WHAT NEEDS TO BE DONE:
Pictures stay out. Everything else in the listing below gets written out exactly.

THE DATA:
************

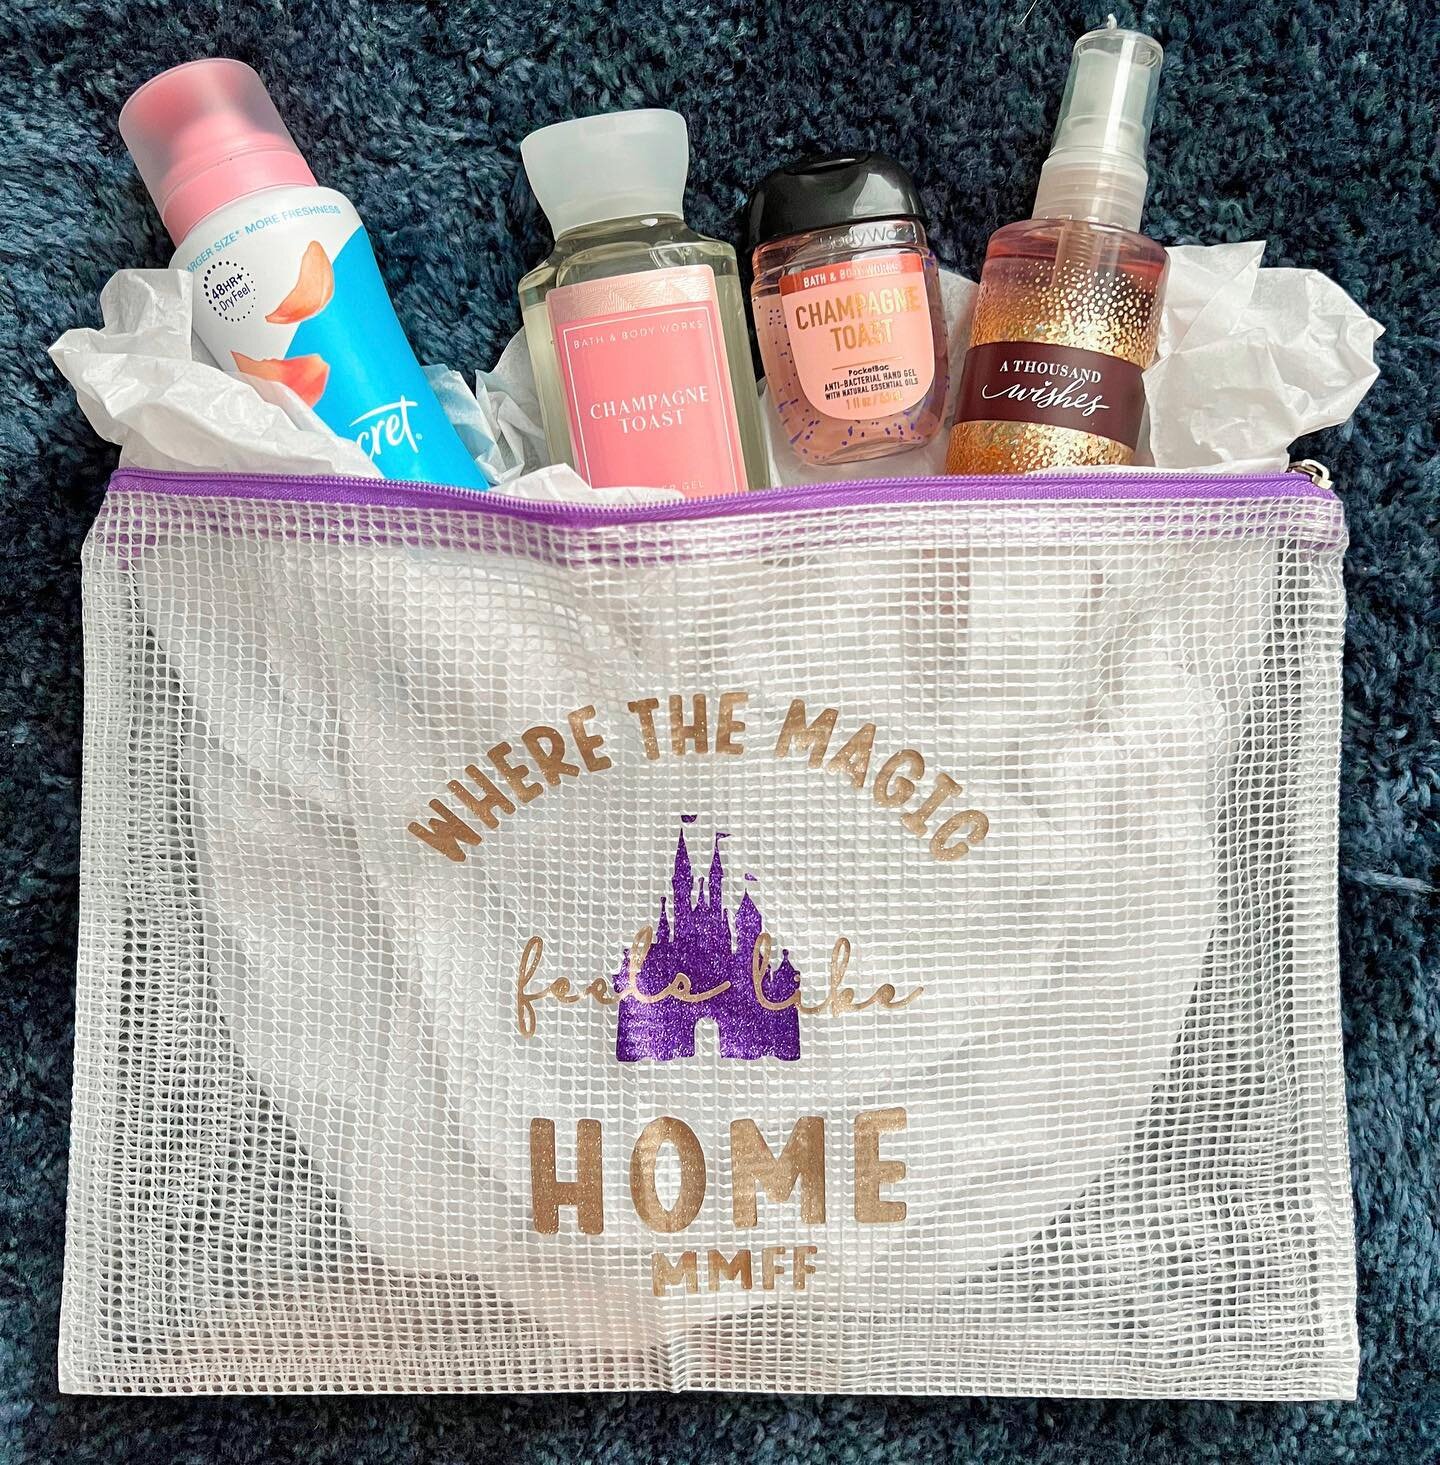 Gift Goelz 😜 🏰 

I put this little gift together for a friend, and I love how I was able to add a personal touch by packaging it in this pouch 💜 These pouches are a great catch all, come in several sizes, several zipper colors, and are adorable pe
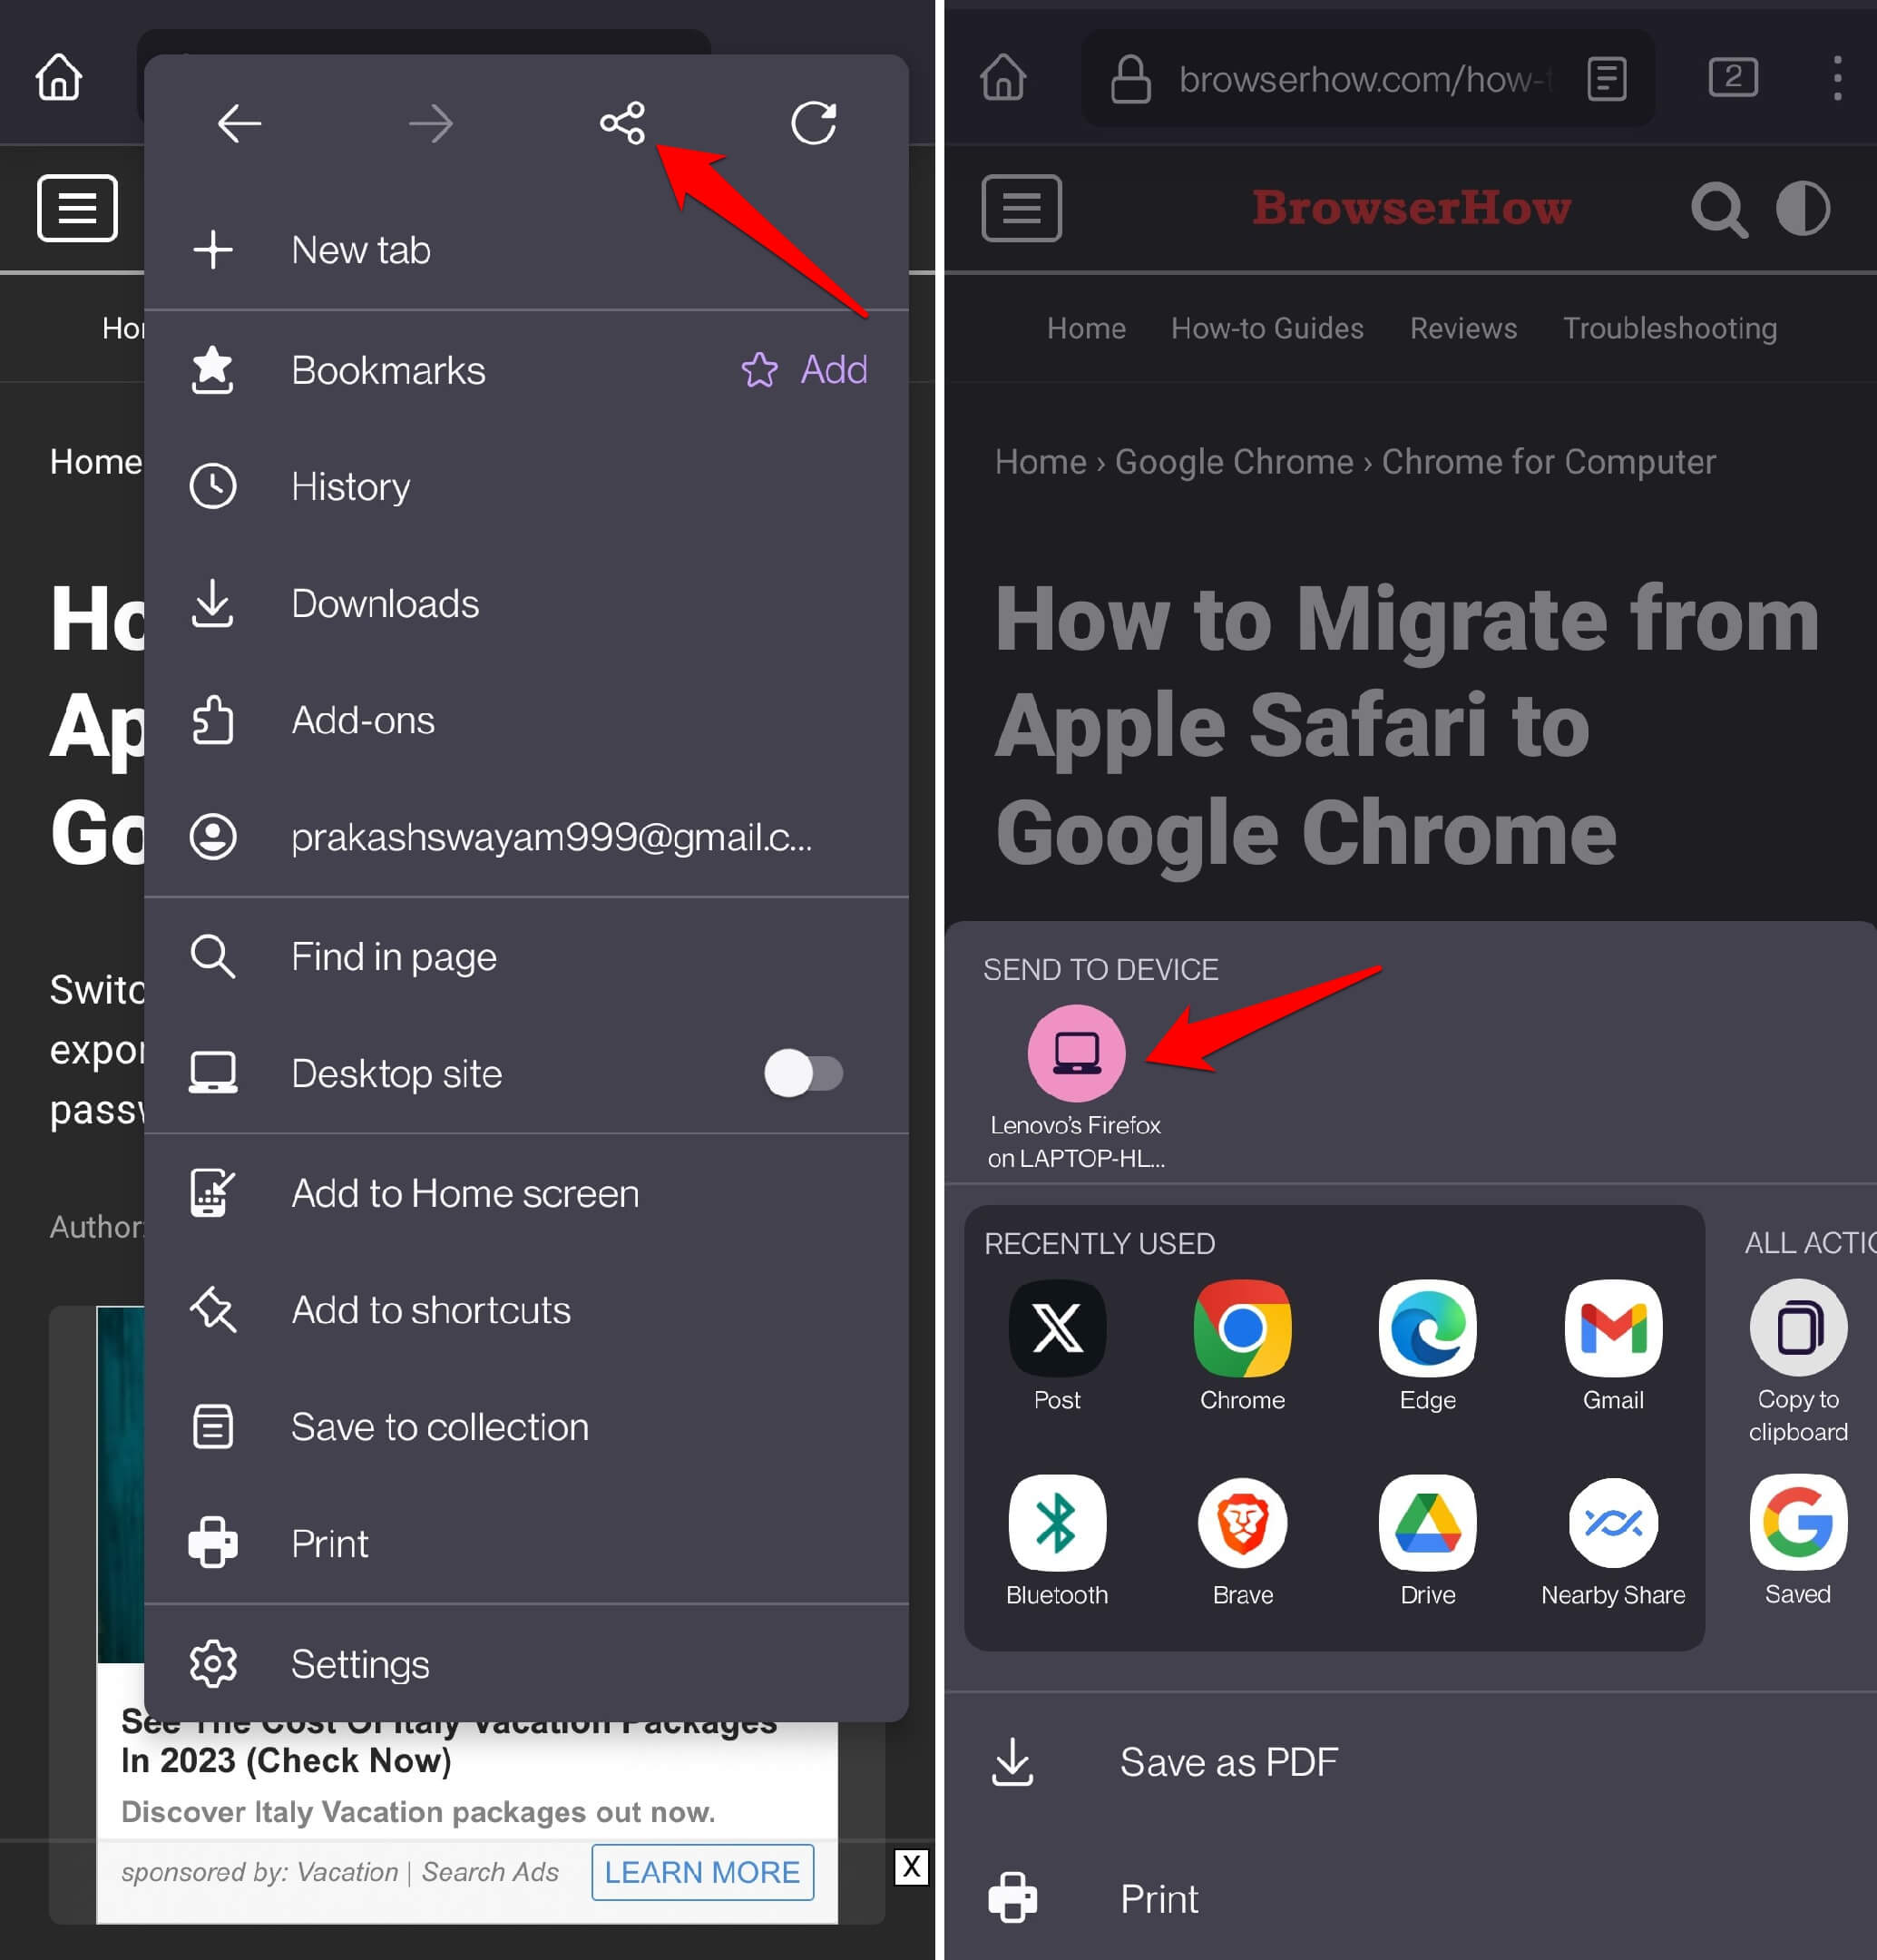 send link to a device in Firefox for Android

************

RESPONSE BELOW:
 Gift Goelz 😜 🏰 

I put this little gift together for a friend, and I love how I was able to add a personal touch by packaging it in this pouch 💜 These pouches are a great catch all, come in several sizes, several zipper colors, and are adorable pe
 send link to a device in Firefox for Android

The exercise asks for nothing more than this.